German physicist (1873–1916)

Karl Schwarzschild (/de/; 9 October 1873 – 11 May 1916) was a German physicist and astronomer.

Schwarzschild provided the first exact solution to the Einstein field equations of general relativity, for the limited case of a single spherical non-rotating mass, which he accomplished in 1915, the same year that Einstein first introduced general relativity. The Schwarzschild solution, which makes use of Schwarzschild coordinates and the Schwarzschild metric, leads to a derivation of the Schwarzschild radius, which is the size of the event horizon of a non-rotating black hole.

Schwarzschild accomplished this while serving in the German army during World War I. He died the following year, possibly from the autoimmune disease pemphigus, which he developed while at the Russian front.

==Life==
Karl Schwarzschild was born on 9 October 1873 in Frankfurt am Main, the eldest of six boys and one girl, to Jewish parents. His father was active in the business community of the city, and the family had ancestors in Frankfurt from the sixteenth century onwards. The family owned two fabric stores in Frankfurt. His brother Alfred became a painter. The young Schwarzschild attended a Jewish primary school until 11 years of age and then the Lessing-Gymnasium (secondary school). He received an all-encompassing education, including subjects like Latin, Ancient Greek, music and art, but developed a special interest in astronomy early on. He proved to be a child prodigy, having two papers on binary orbits (celestial mechanics) published before the age of sixteen.

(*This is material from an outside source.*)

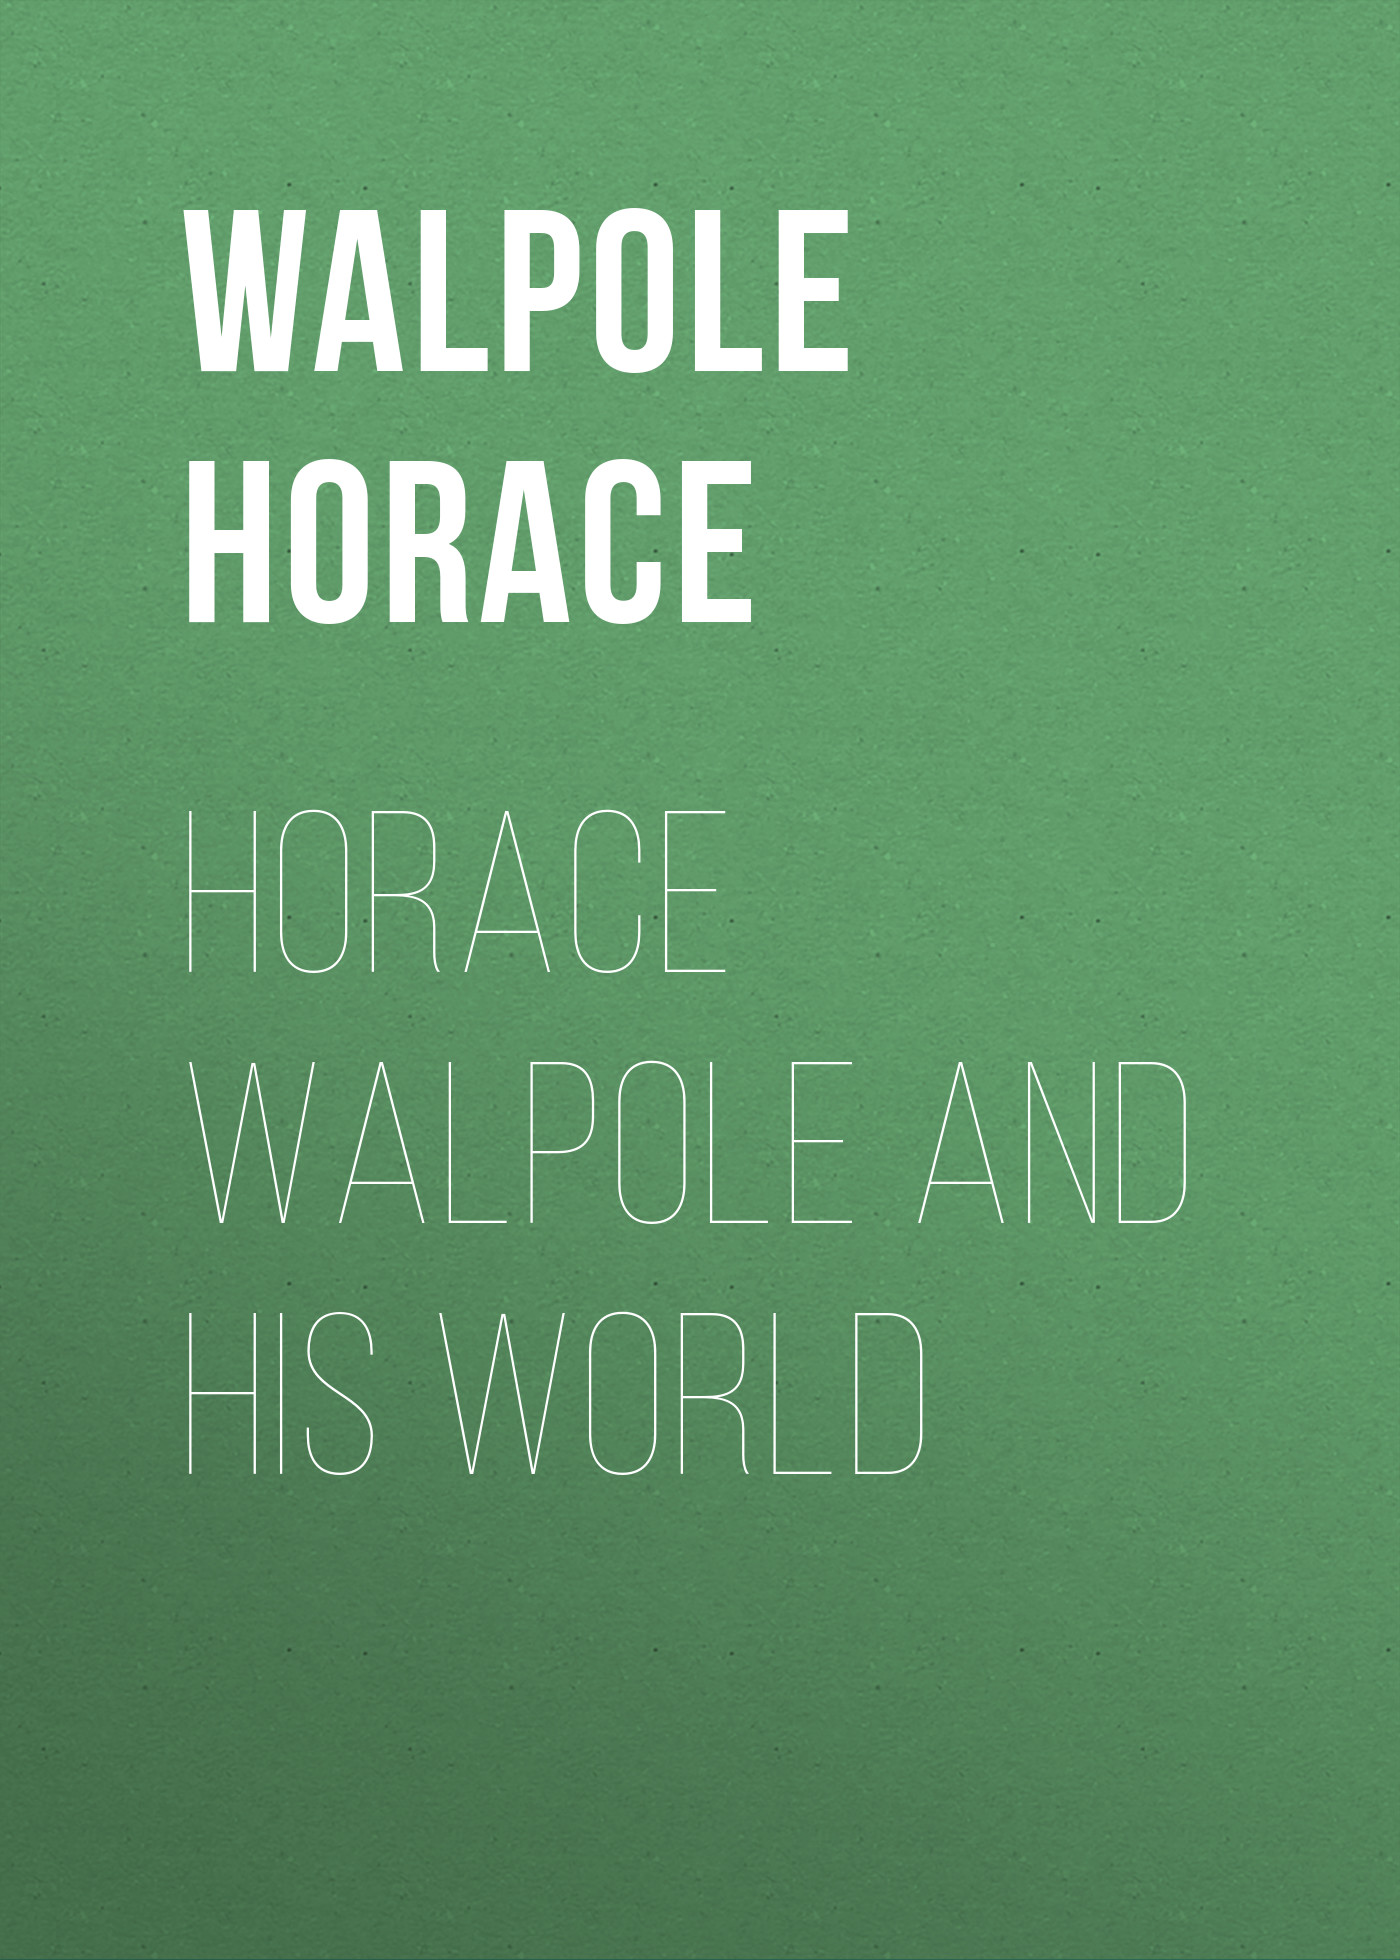 Книга Horace Walpole and his World из серии , созданная Horace Walpole, может относится к жанру Зарубежная классика, Зарубежная старинная литература. Стоимость электронной книги Horace Walpole and his World с идентификатором 34283416 составляет 0 руб.

After graduation in 1890, he attended the University of Strasbourg to study astronomy. After two years he transferred to the Ludwig-Maximilians-Universität München, where he obtained his doctorate in 1896 for a work on Henri Poincaré's theories.

From 1897, he worked as assistant at the Kuffner Observatory in Vienna. His work here concentrated on the photometry of star clusters and laid the foundations for a formula linking the intensity of the starlight, exposure time, and the resulting contrast on a photographic plate. An integral part of that theory is the Schwarzschild exponent (astrophotography). In 1899, he returned to Munich to complete his Habilitation.

From 1901 until 1909, he was a professor at the prestigious Göttingen Observatory within the University of Göttingen, where he had the opportunity to work with some significant figures, including David Hilbert and Hermann Minkowski. Schwarzschild became the director of the observatory. He married Else Rosenbach, a great-granddaughter of Friedrich Wöhler and daughter of a professor of surgery at Göttingen, in 1909. Later that year they moved to Potsdam, where he took up the post of director of the Astrophysical Observatory of Potsdam. This was then the most prestigious post available for an astronomer in Germany.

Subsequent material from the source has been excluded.